## Task details
Omit the images and reproduce the rest of the entries exactly.

==== Available records

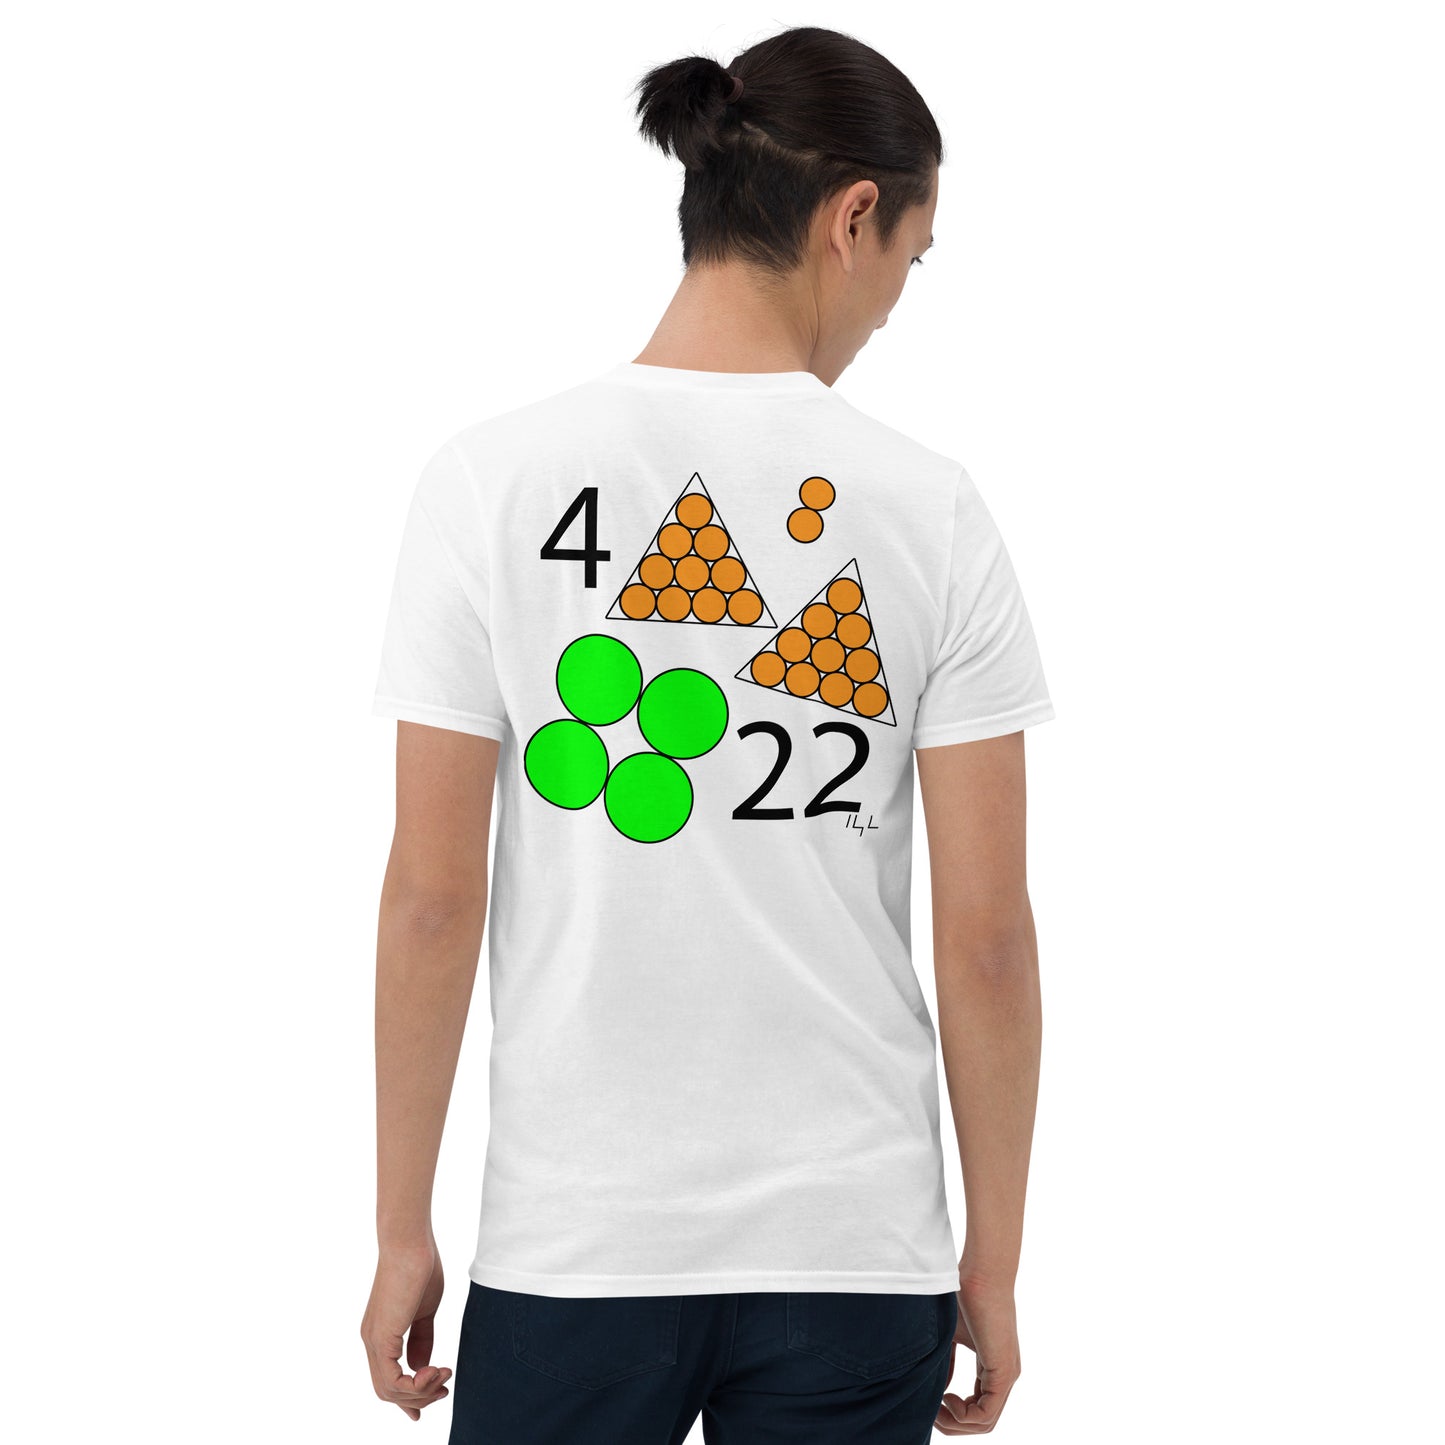 April 22nd Green T-Shirt at 4:22 0422
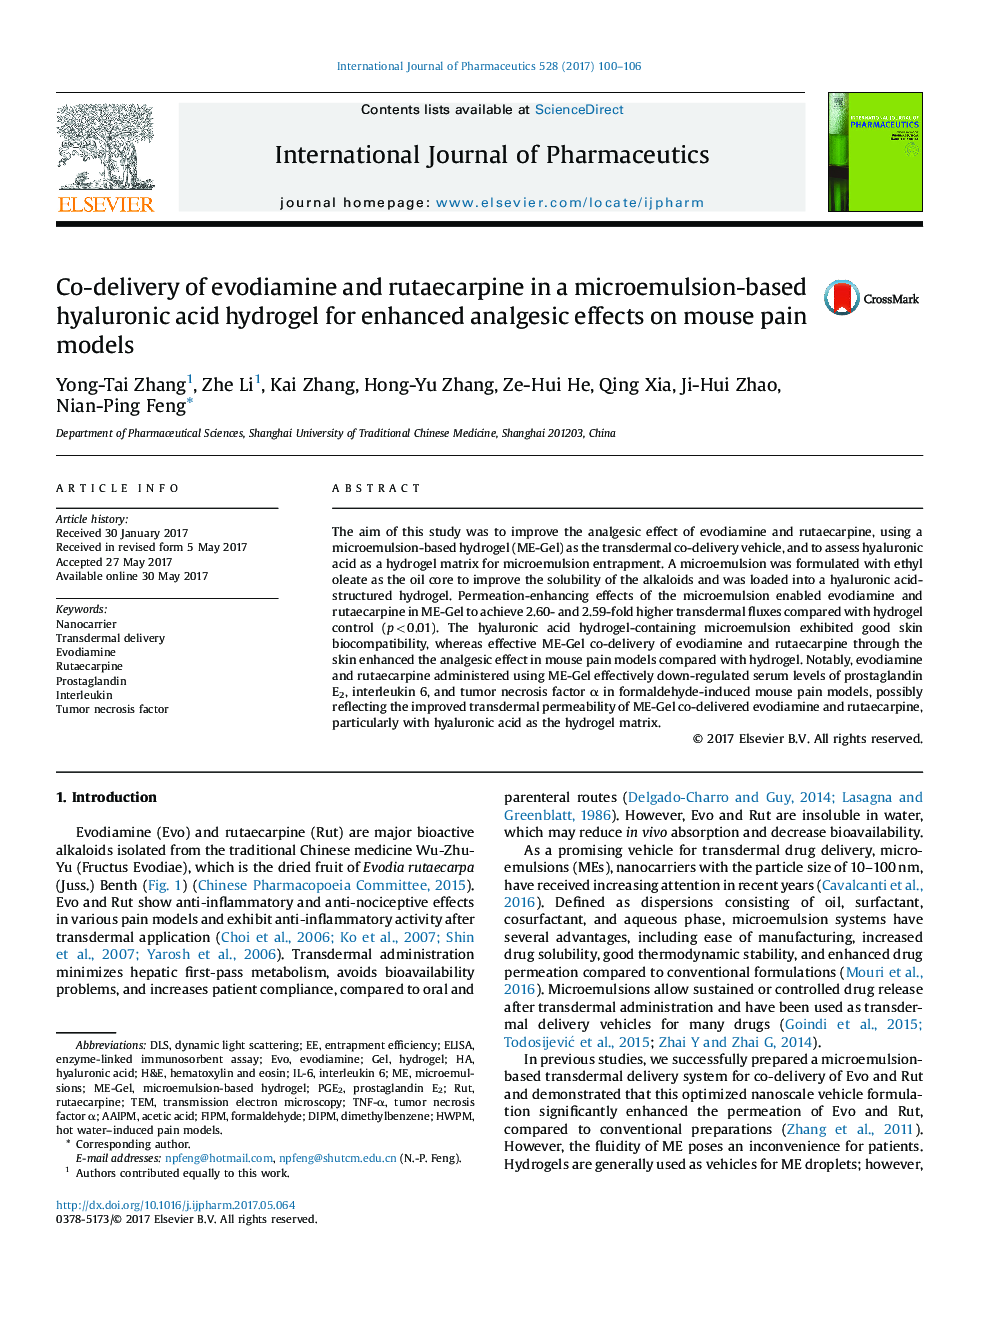 همودیالیز اوردوآمین و راتاکاربین در یک هیدروژل اسید هیالورونیک مبتنی بر میکرو امولسیون برای افزایش اثرات ضد درد در مدل درد 
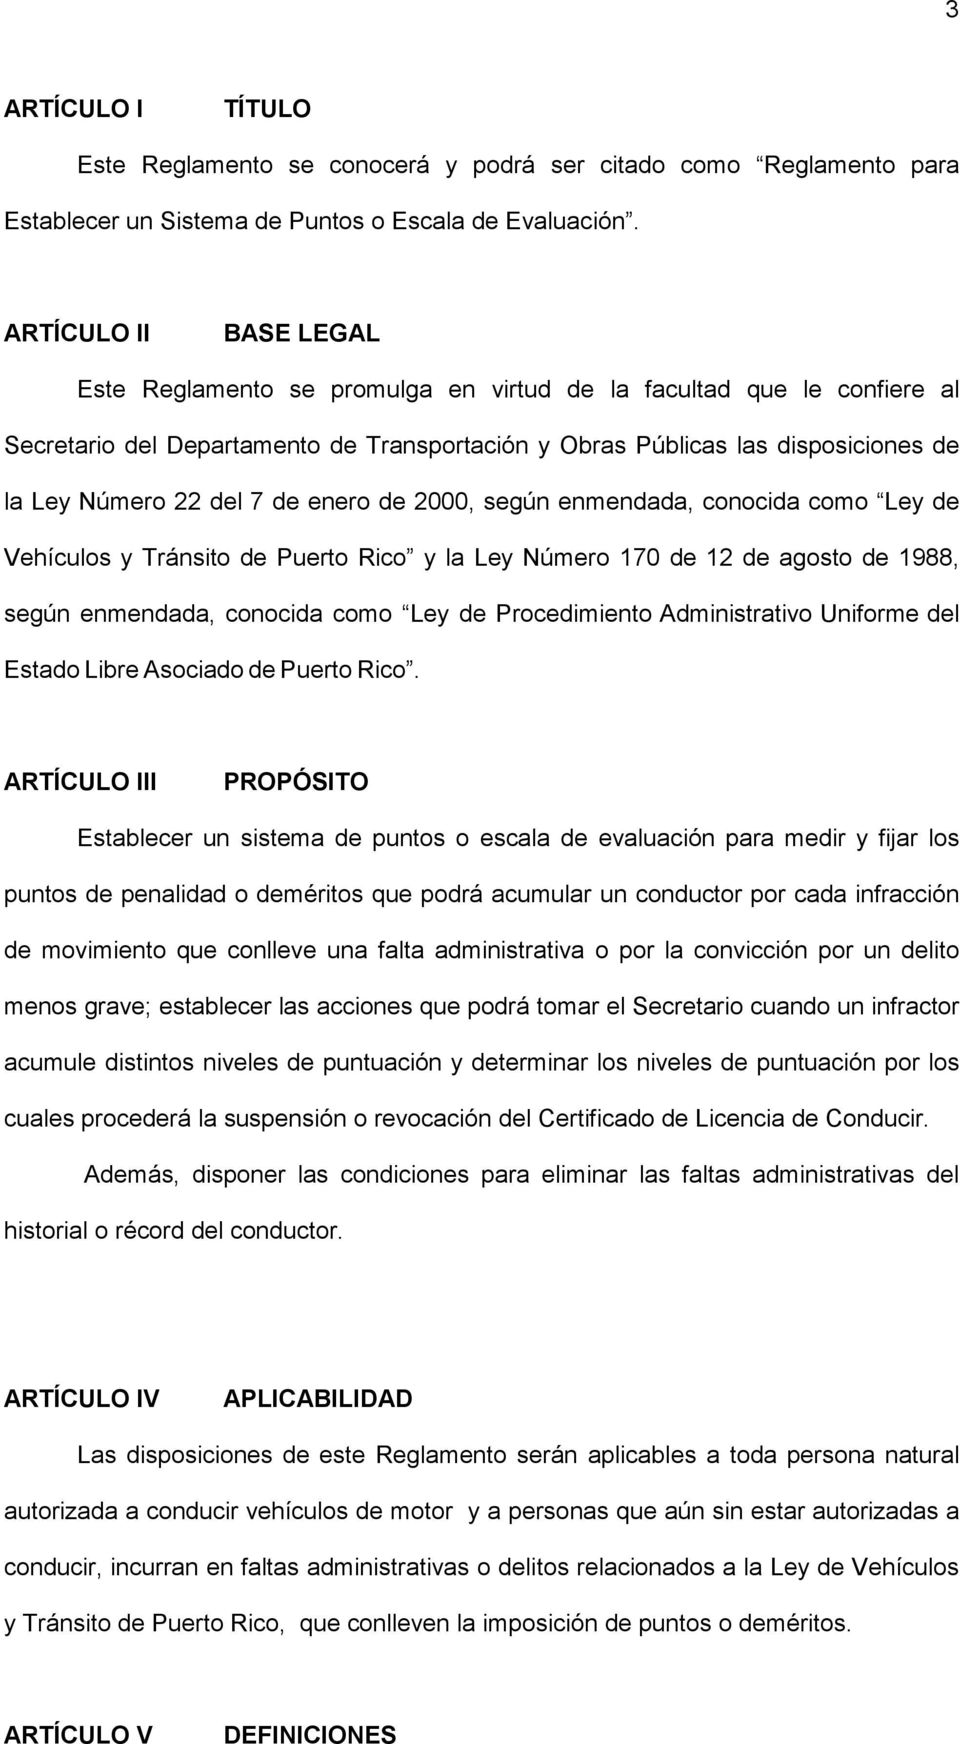 7 de enero de 2000, según enmendada, conocida como Ley de Vehículos y Tránsito de Puerto Rico y la Ley Número 170 de 12 de agosto de 1988, según enmendada, conocida como Ley de Procedimiento
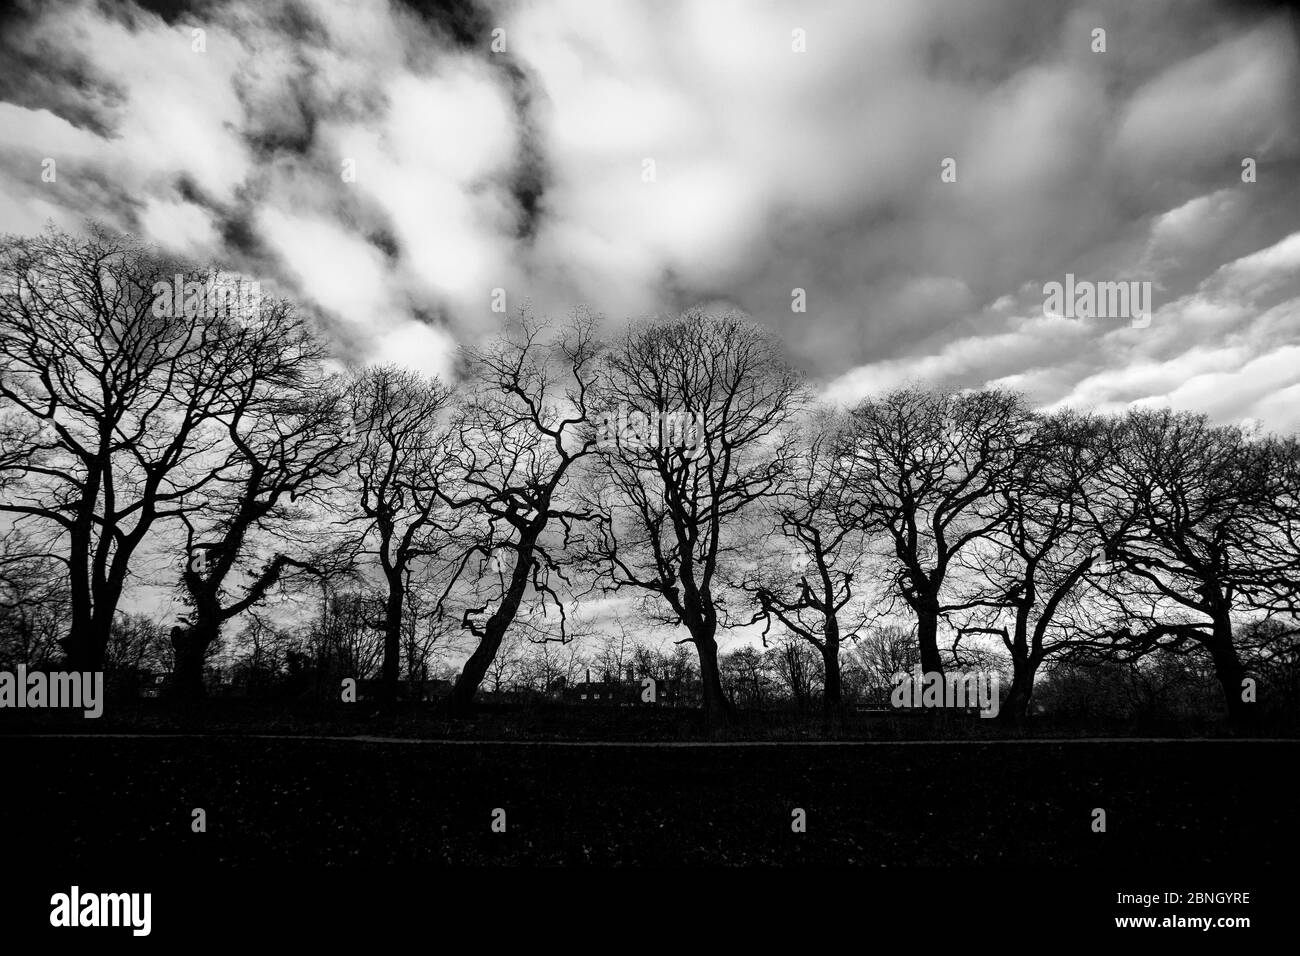 Hampstead heath london Banque d'images noir et blanc - Alamy
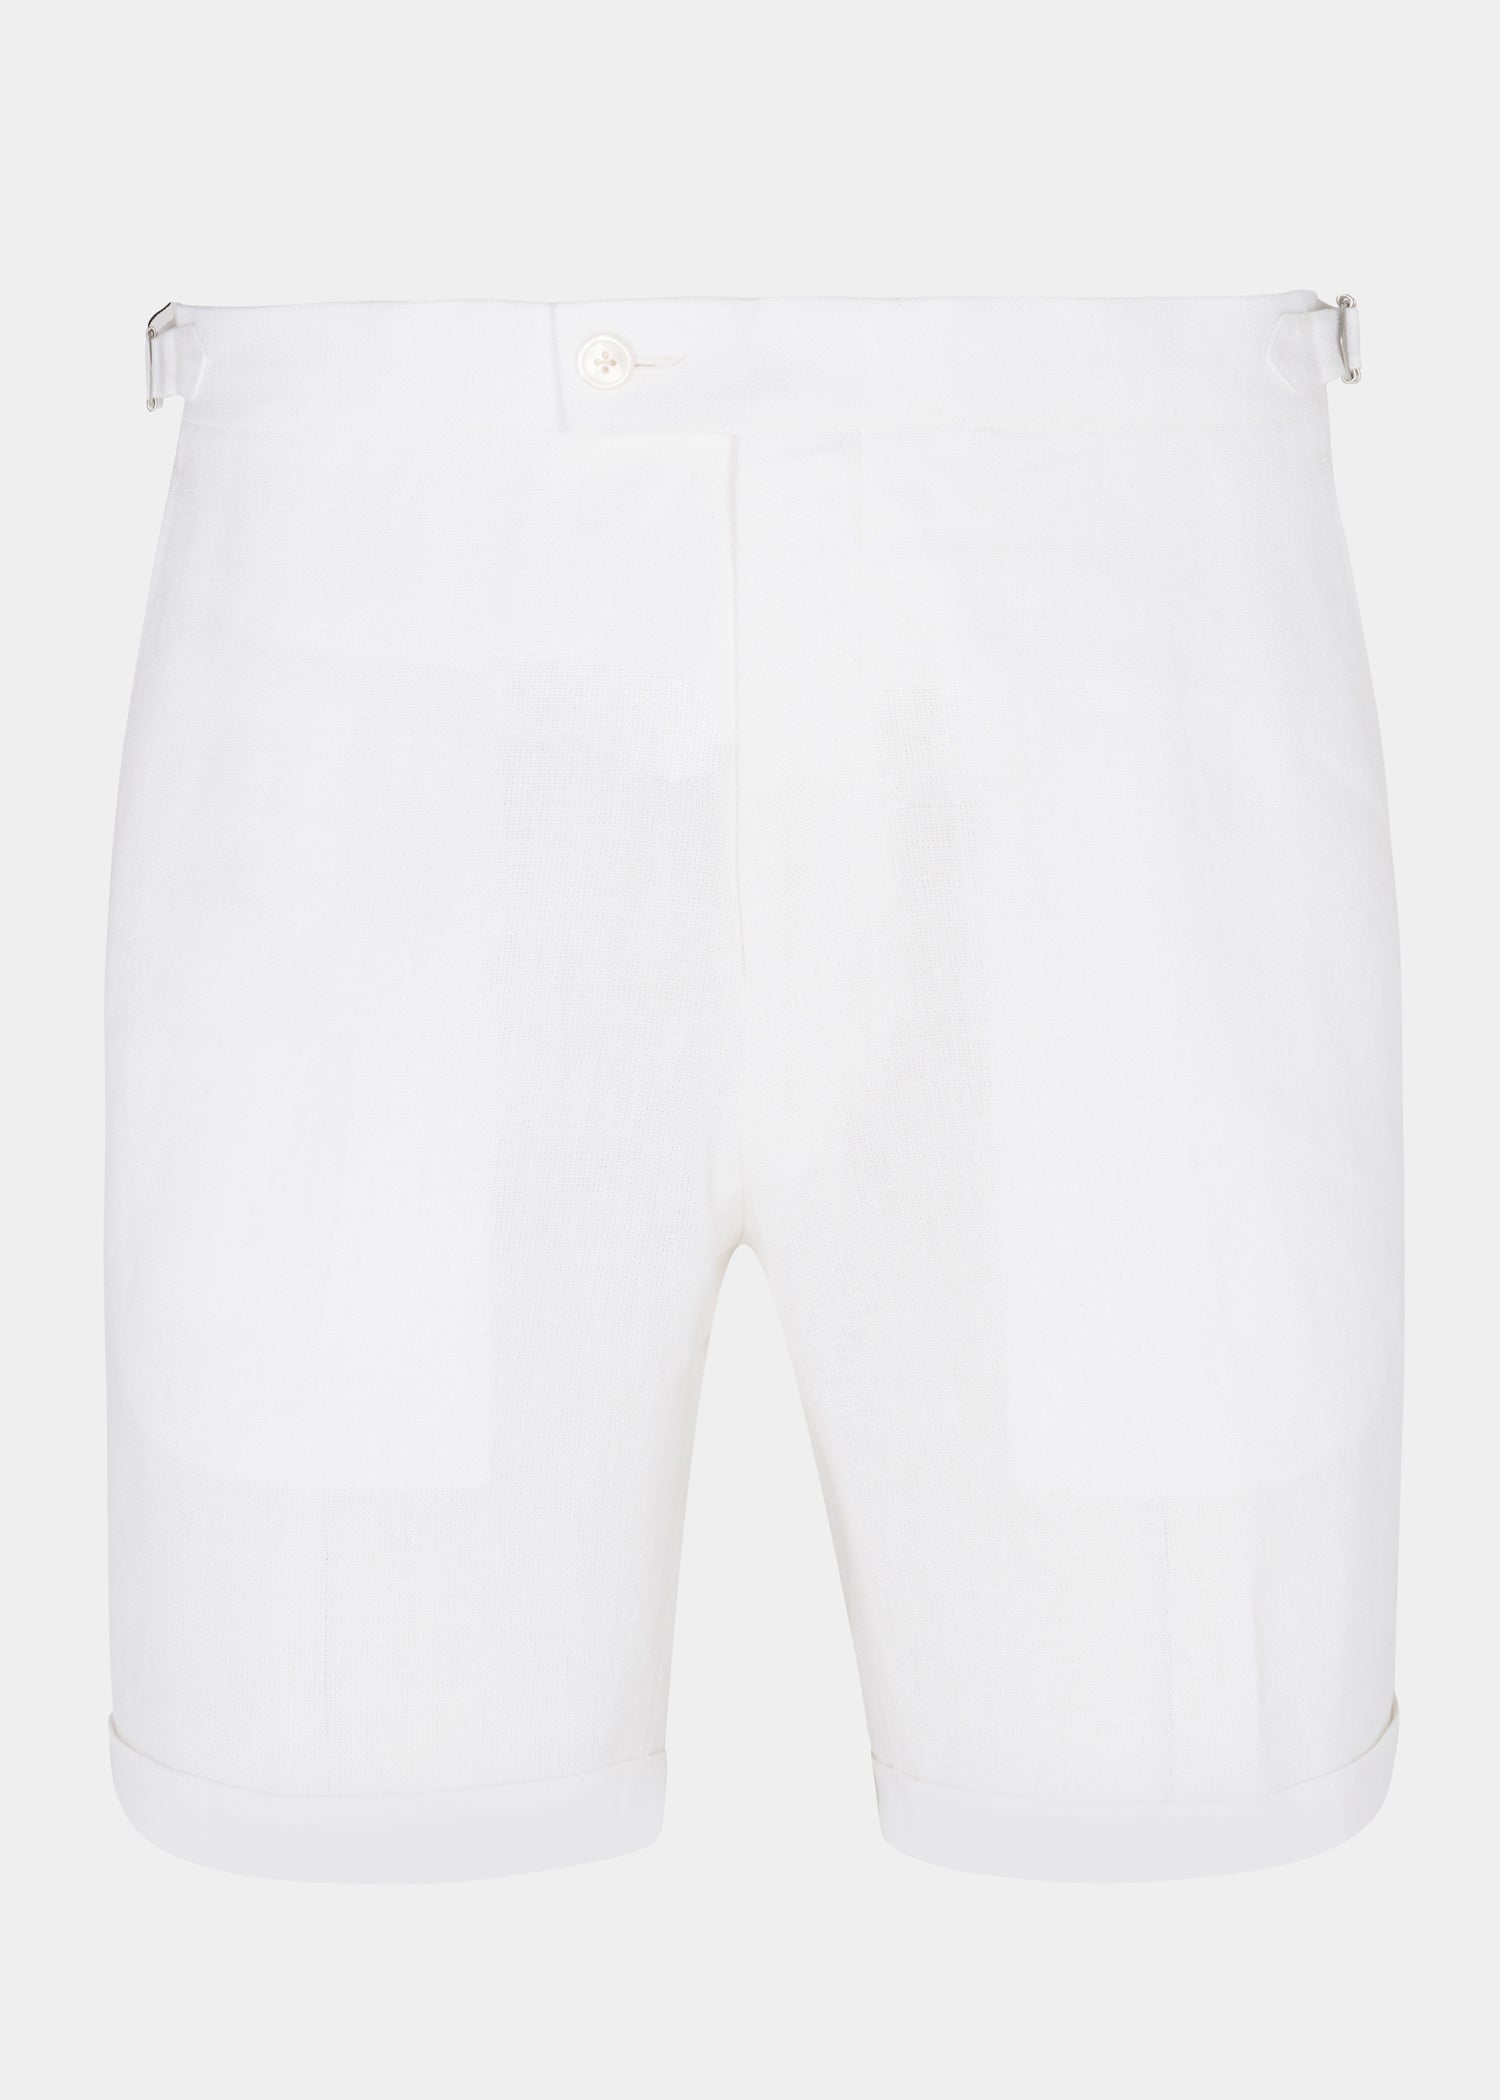 White Linen Shorts - Samir Bachkami

========

## Response box
 April 22nd Green T-Shirt at 4:22 0422
 همودیالیز اوردوآمین و راتاکاربین در یک هیدروژل اسید هیالورونیک مبتنی بر میکرو امولسیون برای افزایش اثرات ضد درد در مدل درد 
 7 de enero de 2000, según enmendada, conocida como Ley de Vehículos y Tránsito de Puerto Rico y la Ley Número 170 de 12 de agosto de 1988, según enmendada, conocida como Ley de Procedimiento
 Hampstead heath london Banque d'images noir et blanc - Alamy
 White Linen Shorts - Samir Bachkami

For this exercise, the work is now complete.